A Área de Livre Comércio, portanto, não se trata de um conceito que possa ser compreendido fora da linguagem jurídica - onde, conforme dito, há inúmeros limites interpretativos. Fugir disso é pensar que existe um sentido puro da coisa em si, a ser buscado pelo intérprete, como se fosse um fato a ser alcançado pela (pretensa) racionalidade humana.
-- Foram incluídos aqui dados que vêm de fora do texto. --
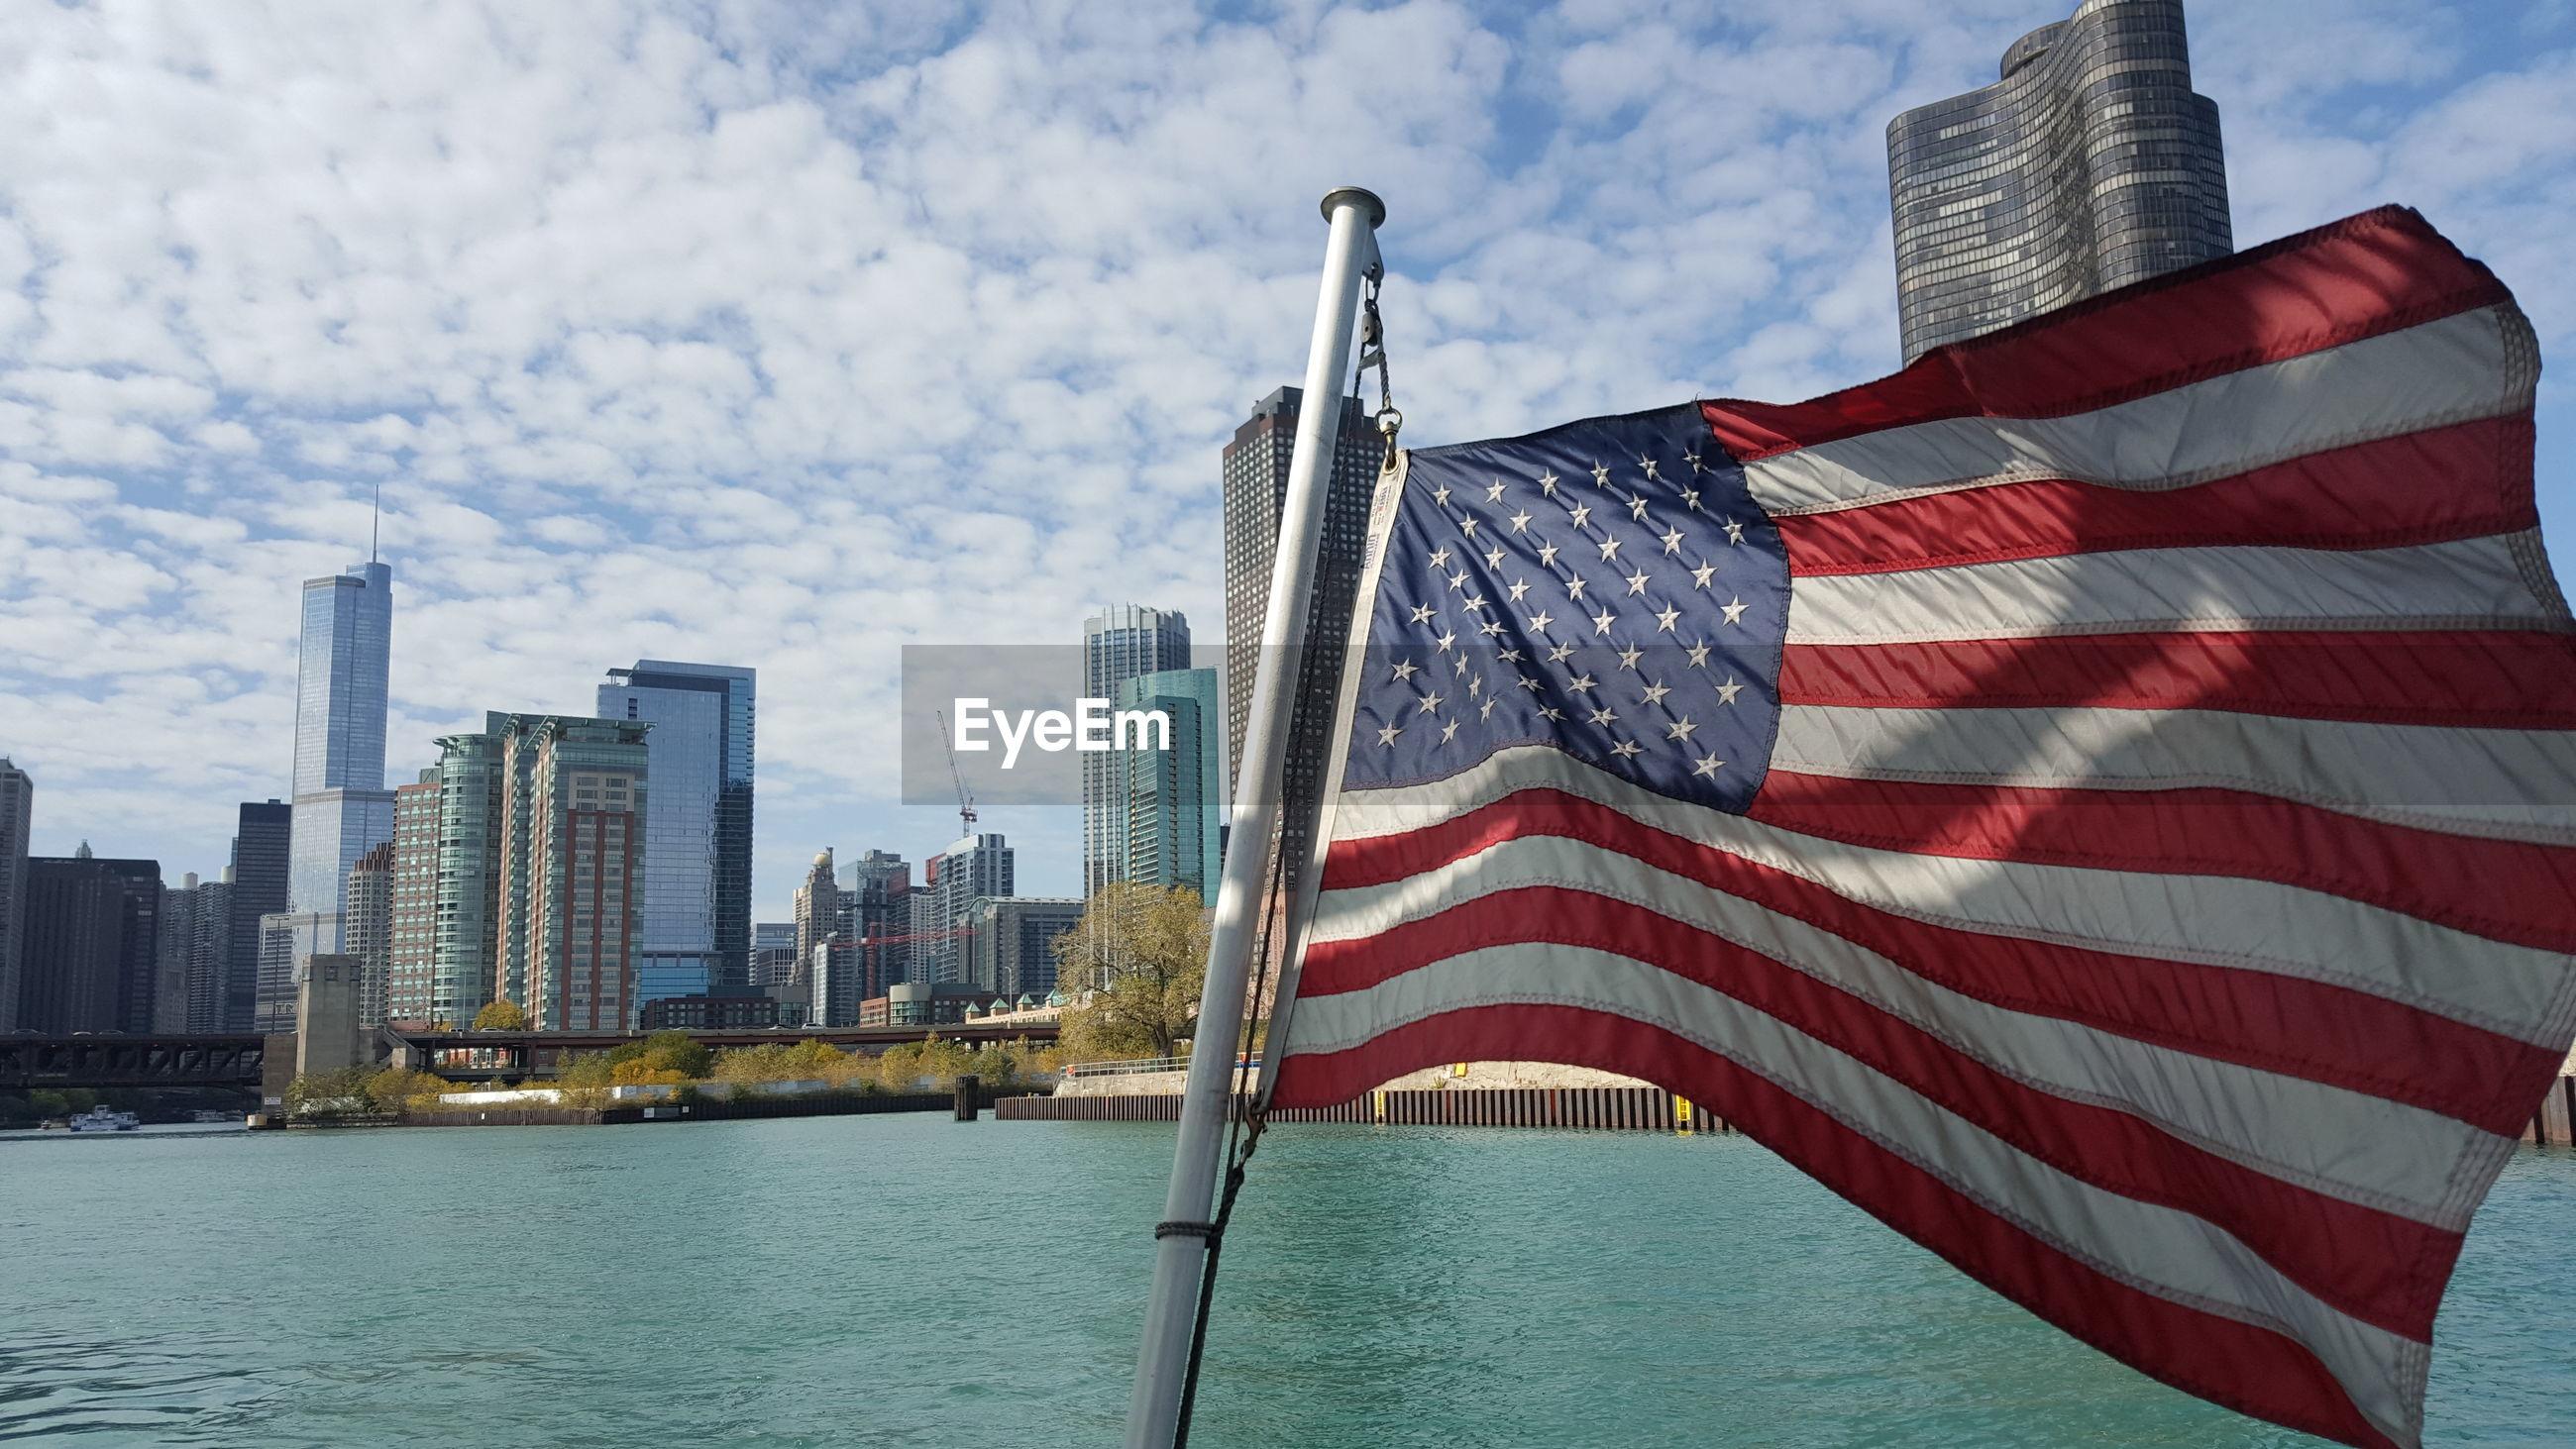 FLAG AGAINST SKY IN CITY SKYLINE AGAINST CLOUDY DAY

Assim, mister se conter na e pela normatividade, própria da autonomização do sistema jurídico.


NOTAS

[1] http://emporiododireito.com.br/leitura/entre-a-legalidade-e-igualdade-tributaria-o-lado-oculto

[2] Os Juízes de 1ª Instância têm se utilizado do mesmo tratamento que é conferido à ZFM, pelo TRF e STJ, para a ALCMS, muito embora não façam qualquer alusão ao art.40 da ADCT, tal como aqueles Tribunais. Disso, já decorre a má utilização dos precedentes. Seja como for, ainda que o ADCT diga respeito somente à ZFM, de onde poderia resultar intepretação ainda mais “restritiva” aos benefícios concedidos à ALCMS, penso que a norma constitucional sirva de importante marco interpretativo para uma resposta adequada.

[3] Ver GUNTHER, Klaus. Teoria da Argumentação no Direito e na Moral: Justificação e Aplicação. 2ed. Rio de Janeiro: Forense, p.268-275.
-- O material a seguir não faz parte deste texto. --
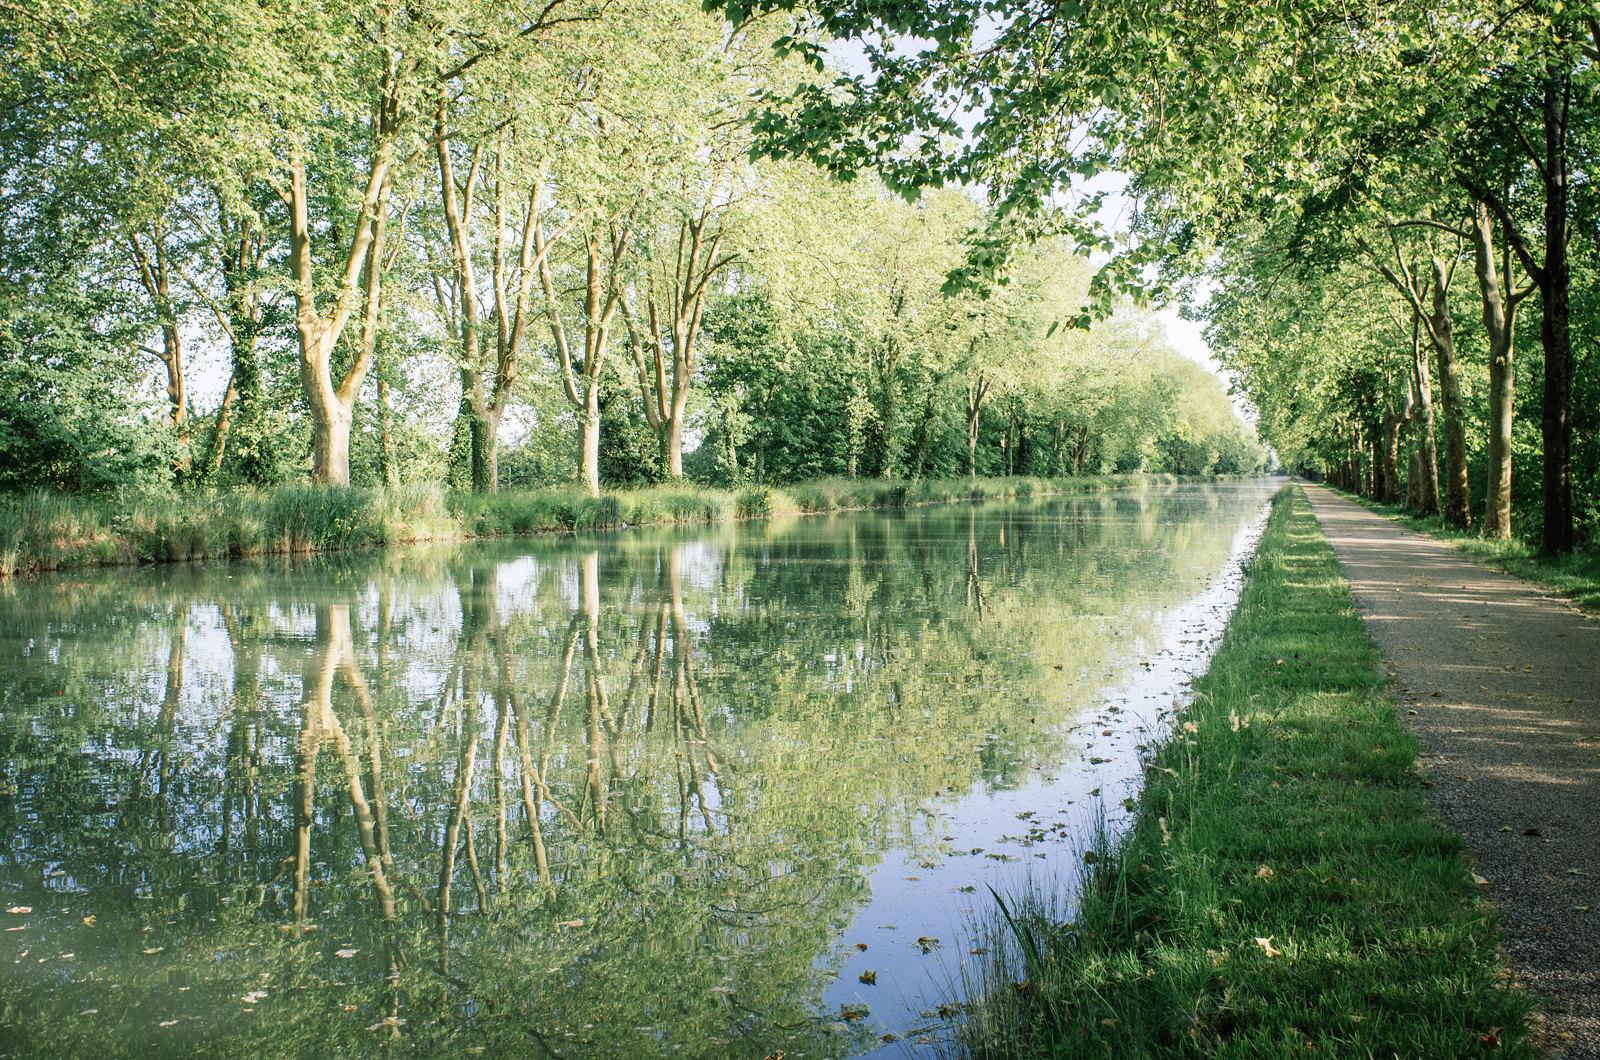 Le long du canal du midi - carnet de voyage en Tarn-et-Garonne

[4] Ao dispor sobre a matéria, o Legislador, em homenagem à Integridade do Direito, respeitou essa ordem das coisas, uma vez que o benefício concedido pelo Decreto nº 517/1992, regulamentando a Lei Federal nº 8.387/1991, previu um sistema segundo o qual  (i) de um lado, trouxe um benefício fiscal para os equiparados a exportadores, i.é, restrito às empresas situadas fora da Área de Livre Comércio quando vendem mercadorias para empresas situadas dentro da ALCMS; e (ii) de outro lado, para as equiparadas a importadoras, com a entrada de mercadoria estrangeira na com suspensão dos impostos especificados..

[5] Dworkin apud GUNTHER (2011, p.273).

[6] Ver STRECK, Lenio. BEM JURÍDICO E CONSTITUIÇÃO: DA PROIBIÇÃO DE EXCESSO (ÜBERMASSVERBOT) À PROIBIÇÃO DE PROTEÇÃO DEFICIENTE (UNTERMASSVERBOT) OU DE COMO NÃO HÁ BLINDAGEM CONTRA NORMAS PENAIS INCONSTITUCIONAIS. in: <http://150.162.138.7/documents/4899>

[7] Cf. item f), de AS SEIS HIPÓTESES DE QUE FALA LENIO STRECK EM SUA TEORIA DA DECISÃO. In: https://www.conjur.com.br/dl/seis-hipoteses-lenio-streck.pdf

[8] Especialmente porque o Judiciário possui caráter contingencial e, mais, com uma série de limites de ordem cognitiva (deficiência qualitativa e quantitativa de dados relevantes), motivacional (agir estratégico), temporal, representatividade etc.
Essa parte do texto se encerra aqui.